Brenna Seitz, OTR/L 23:03
I think there’s a lot more respect for what each discipline does. Now. It’s also a lot more fun. Like when I go up and do rounds I can socialize while the nurses and they like really like just talk about our days and a lot more just like it’s more familiar. And there’s a lot of trust and a lot of respect. And we’re willing to kind of joke around and just like that kind of dynamic makes it really wonderful to be up there. It makes my job more fun. I’m not fighting every single day the nurses aren’t getting frustrated with me being up there. It’s just a nice environment. We’re all working to get the patients better. And that just really proves all of our like job quality.

Kali Dayton 24:44
And how do you anticipate that impacting retention during this really difficult time?

Brenna Seitz, OTR/L 24:50
I’d like to think that it would keep people around a little bit longer when you’re having a job that you enjoy doing that you feel like it’s benefiting patients and yourself and it’s more fun that environment and it’s not as stressful. And I also just think seeing more patients awake and less that are heavily sedated and heavily, like, just so agitated that they can’t do anything. Because if we can stop that, then your patients are easier to work with, you can communicate with them better. And it just that part of your job gets easier to cause caring for delirious patients is not easy.

Kali Dayton 25:22
Yeah, once that he showed that delirium is part of the significant psychological burden on nurses. It’s really, really difficult to be with someone that that’s that uncomfortable, that unstable, unreliable, for 12 hours straight plus, it’s really difficult. So yeah, I would love to see some studies, I’m always throwing out ideas for research, because people are always looking for more studies to do time to navigate the impact on retention, when we improve this process of care. Okay, what other stories do you have? What other successes,

Brenna Seitz, OTR/L 25:57
yes, this is multiple patients. But one of my favorite things that has come with people being more awake, or even patients who are delirious, has been involving family members. But specifically, once we get patients standing or sitting for the first time, letting their family come and hug them. And I pretty much cry every single time it happens. But it’s been really wonderful because the family, I tried to help them be less scared about all the lines that the family member has, and just really try to connect with their family member. And it just makes me so happy when they can come in and hug them.

Kali Dayton 26:33
There’s so many things on this podcast that have made me just look back and question. Things that I could have done better things I wish I’d known. That’s an idea that I wish I’d had. I think we’re just as me, especially as a nurse, I was just so task oriented, right? We’re just to go through the steps whipping through we got to get this session with, you know, cranked out but why not? Why not hug and we know, the psychological benefits, the physiological benefits of a hug. One thing that I was really taken aback by with survivors perspective, is that how isolated they felt during their medically induced comas.

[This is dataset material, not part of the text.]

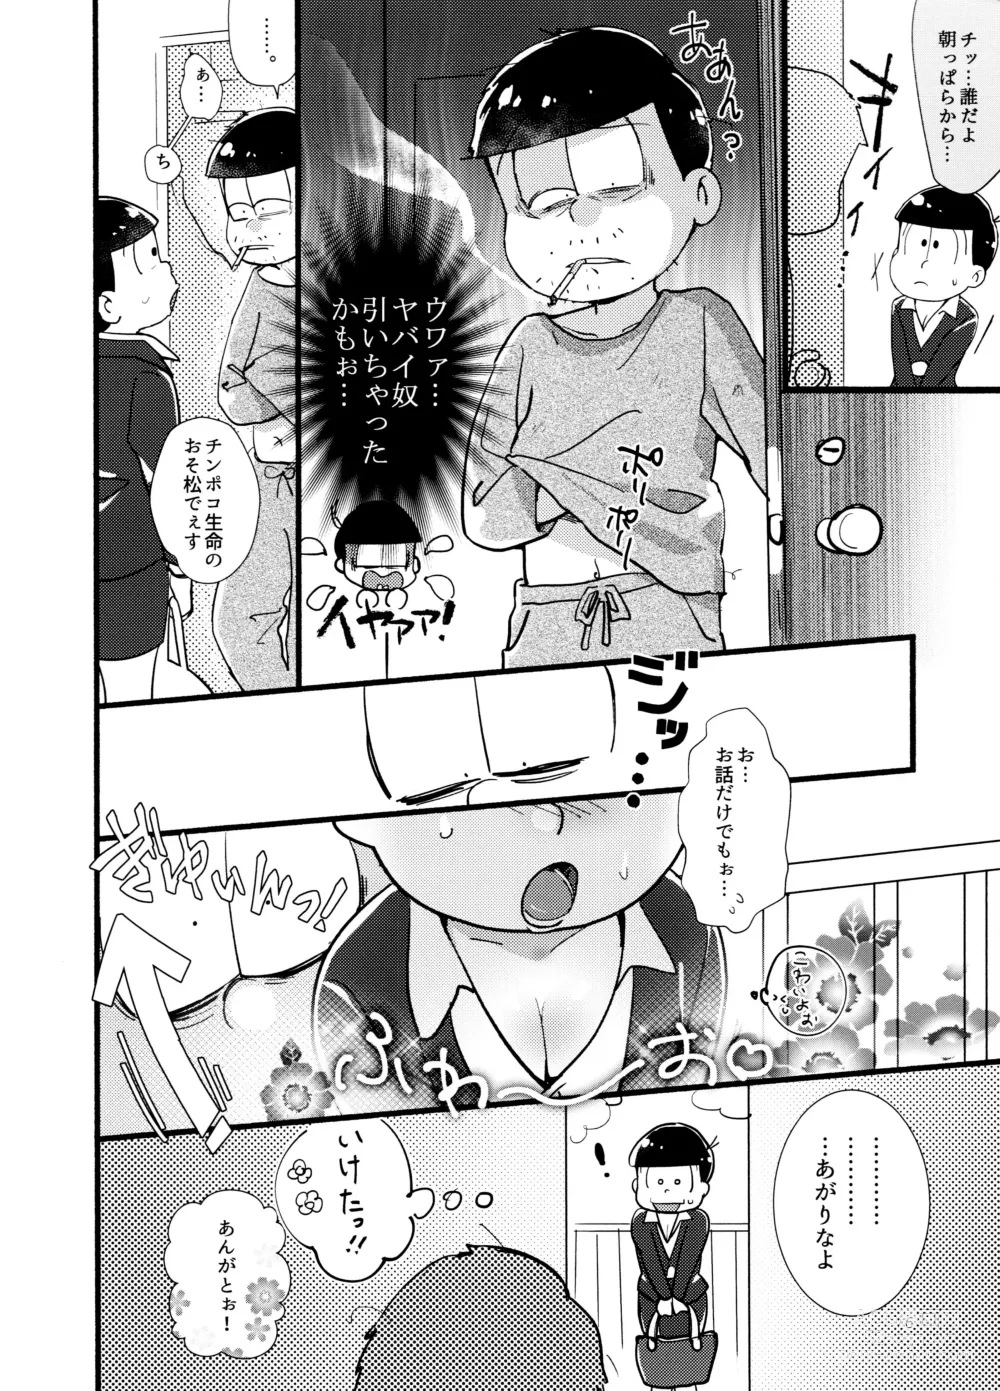 Page 6 of doujinshi Momare Keiyaku
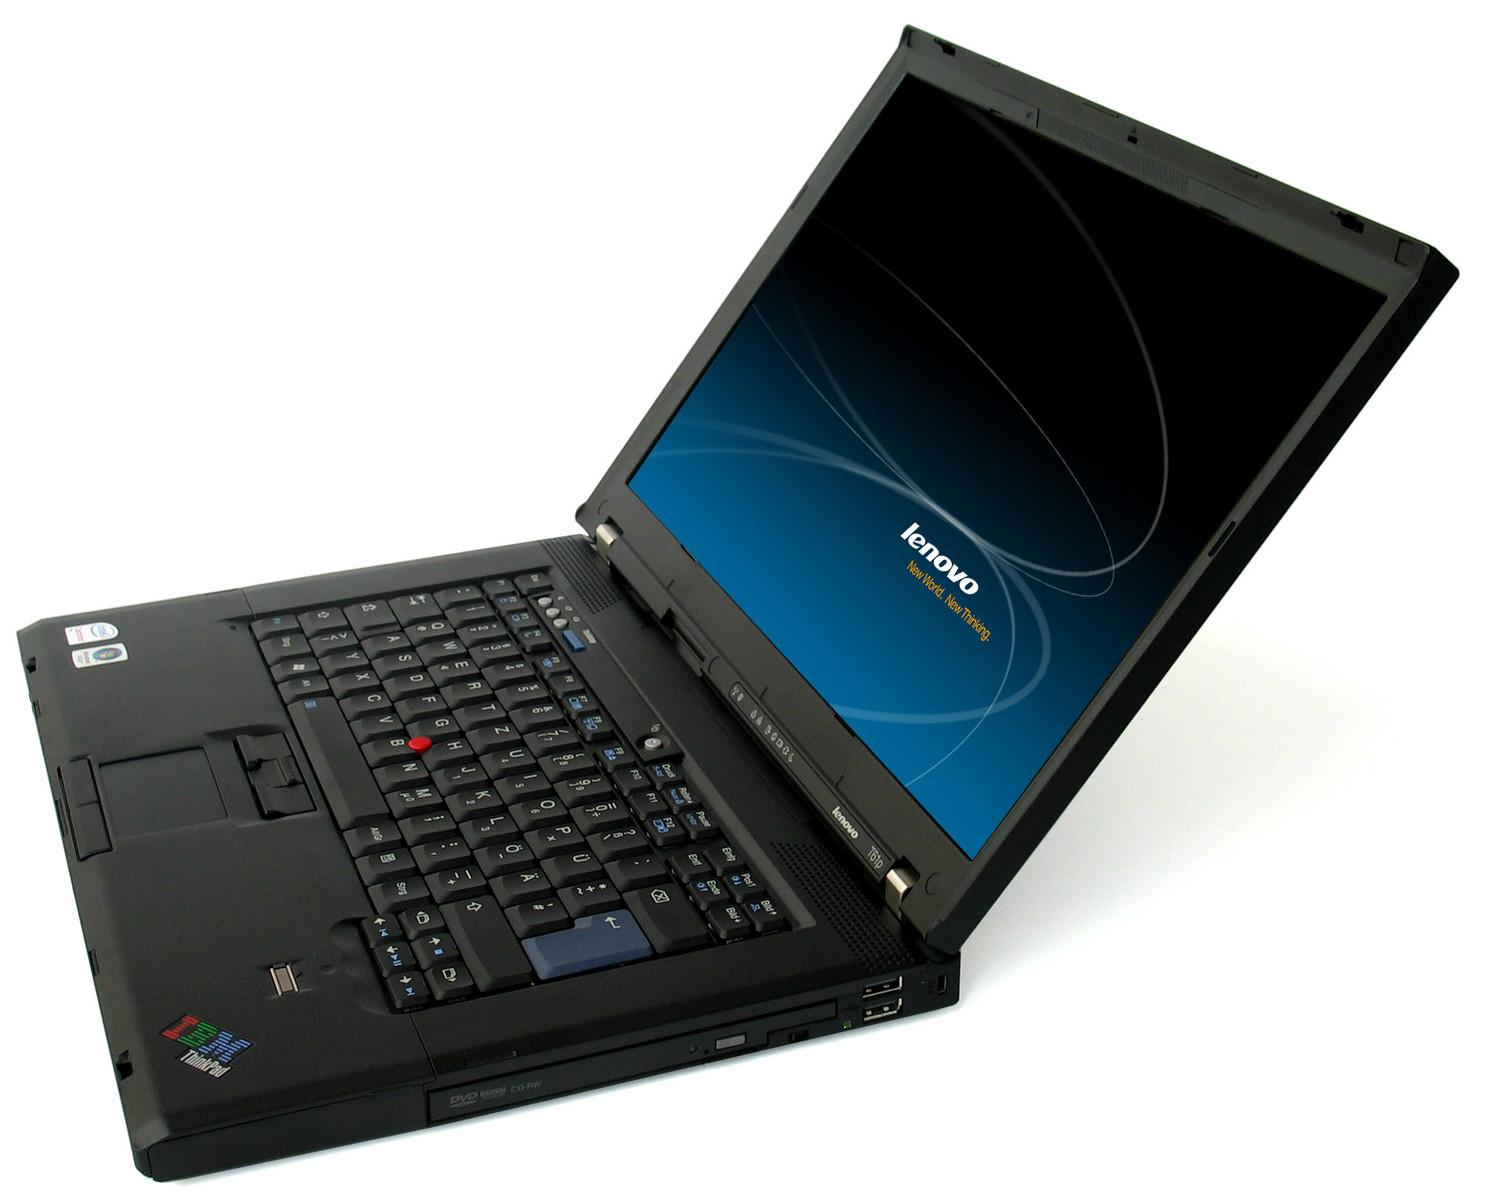 Lenovo ThinkPad T61p - Notebookcheck.net External Reviews

Which is crazy to think because oftentimes they do have them at the bedside, they have clinicians at the bedside, all that they’re never really physically alone, but they don’t have a real connection. And what else do we go with days to weeks out talking to someone without touching someone? I mean, that’s what we use for torture, during war. That’s what we, that sends people into psychosis. That’s what we do, knowingly to our patients. So you’re taking that to a whole new extreme saying, talk, communicate, touch, and hug. That is so powerful, and how, how did the families and the patients respond to that?

Brenna Seitz, OTR/L 27:54
They almost always cry too. I think they just love getting the permission to touch their family member, especially the ones that really don’t seem that stable. They’re like they have they’re easy to but they have all the lines, they have a swan, they have everything attached to them. And it’s just like the permission to like, let them like, show their love to their family member that they just, I think really appreciate because you can tell they’re scared the first time and then they go away. And they’re like, oh, I can just hug them. And it’s I’m not pulling anything out. I’m not hurting them, like I’m helping them and then their family member will smile or cry. And I think it just has let them have like a really personal connection that is missing a lot.

Kali Dayton 28:33
And you just think for the family’s perspective. You don’t know what the relationship with the scenario was before that most critical illness comes unexpectedly. And you know, how much your heart pines to be able to hold that person and have that connection? Because you don’t know if that’s last opportunity. And that’s one of my big beefs about unnecessarily medically these comas is that we deprive them of that connection, those touches that could be some of their last opportunities.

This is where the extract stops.